The scroll fragments praise God. “You are all, everything is in your hand and (You are) the maker of everything, who established the peoples according to their families and their national languages.”
They praise God and speak of the maryadas, or “boundary markers laid down for us.” Those who over-step these boundaries are those whose “soul has rejected the Foundations of Righteousness.”
Paul was such a man. Elsewhere, he is described as “the Lying adversary,” and the “Lying Spouter” who “rejects the law in the midst of the whole congregation”, “the Tongue” and the “Scoffer/Comedian” who “poured over Israel the waters of lying.”
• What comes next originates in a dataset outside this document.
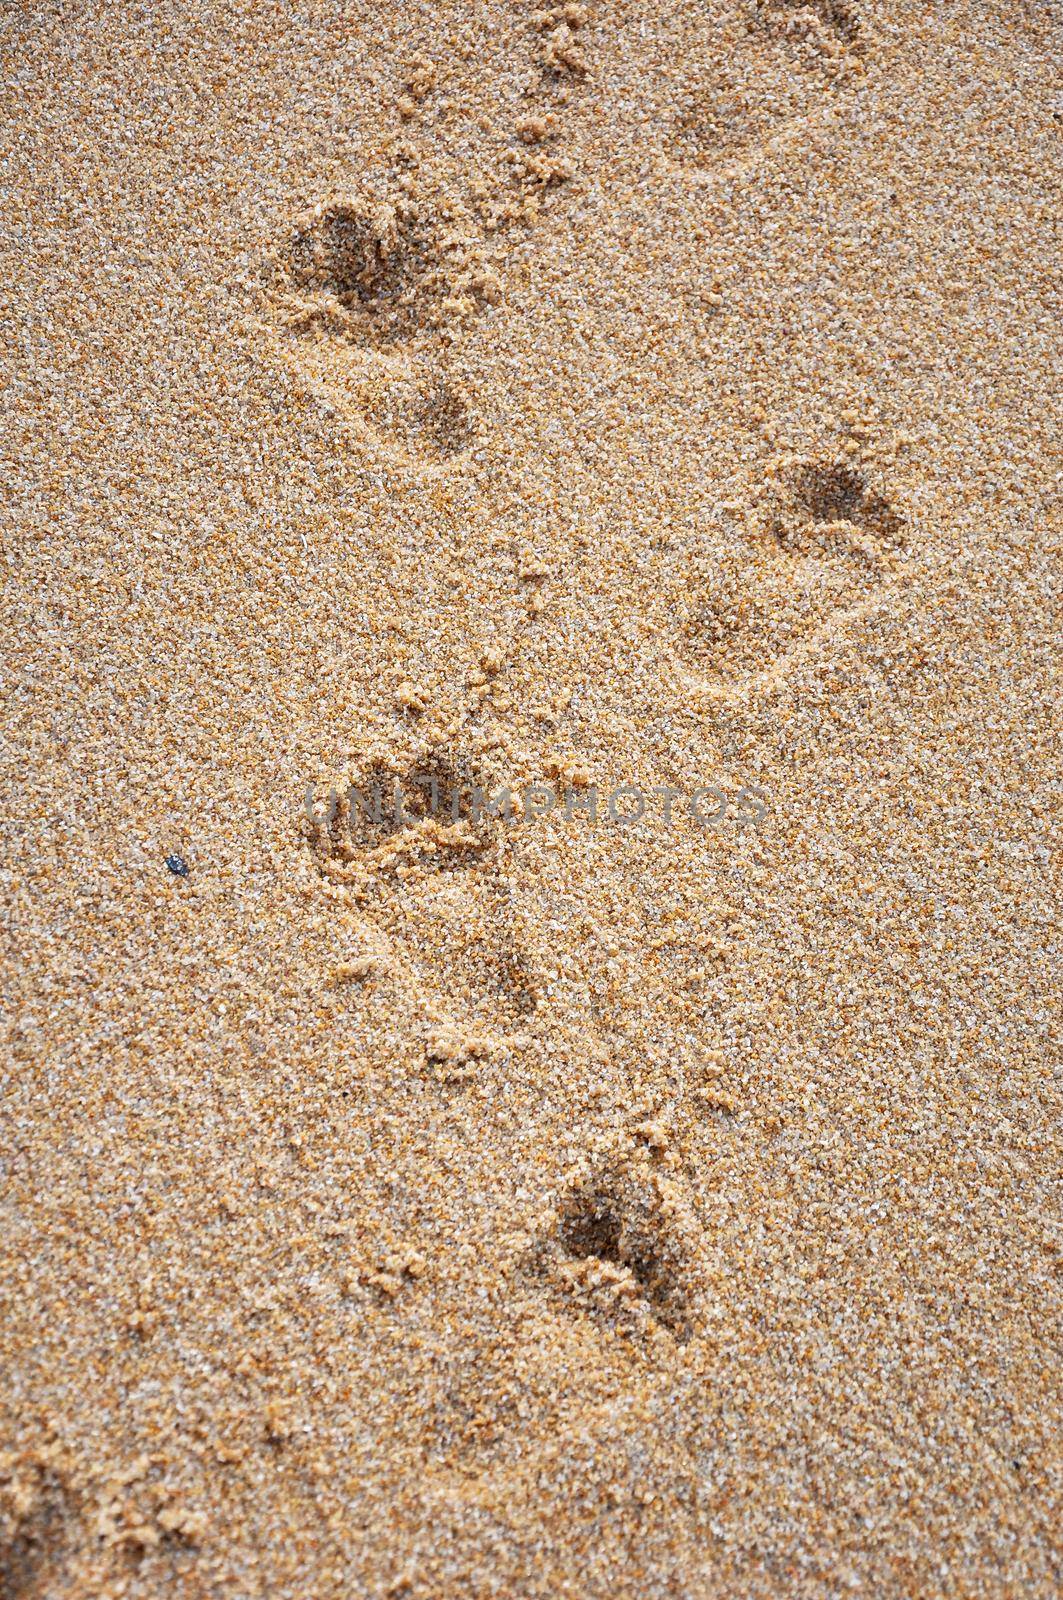 Child footprints on sand sea shore by BreakingTheWalls

The authors of the book believe that “the priest commanding the Many” who delivers this excommunication judgement was James, the apostle often referred to as James the Just, the bishop of Jerusalem and the brother of Jesus.

The following two excerpts from an earlier book, “The Dead Sea Scrolls Deception” also raise doubts as to the legitimacy of Paul’s role within the early church: by Michael Bajgent and Richard Leigh

(Corgi Books, London, 1991)
“… Paul is in effect the first Christian heretic, and his teachings, which become the foundation of later Christianity, are a flagrant deviation from the ‘Original’ or ‘pure’ form extolled by the leadership. Whether James, the ‘Lord’s brother,’ was literally Jesus’ blood kin or not (and everything suggests he was), it is clear that he knew Jesus…personally. So did most of the other members of the community or ‘early Church,’ in Jerusalem, including, of course, Peter. When they spoke, they did so with first-hand authority. Paul had never had such a personal acquaintance with the figure he’d begun to regard as his ‘Saviour.’ He had only his quasi-mystical experience in the desert and the sound of a disembodied voice. For him to arrogate authority to himself on this basis is, to say the least, presumptuous. It also leads him to distort Jesus’ teachings beyond recognition, to formulate, in fact, his own highly individual and idiosyncratic theology, and then to legitimize it by spuriously ascribing it to Jesus.”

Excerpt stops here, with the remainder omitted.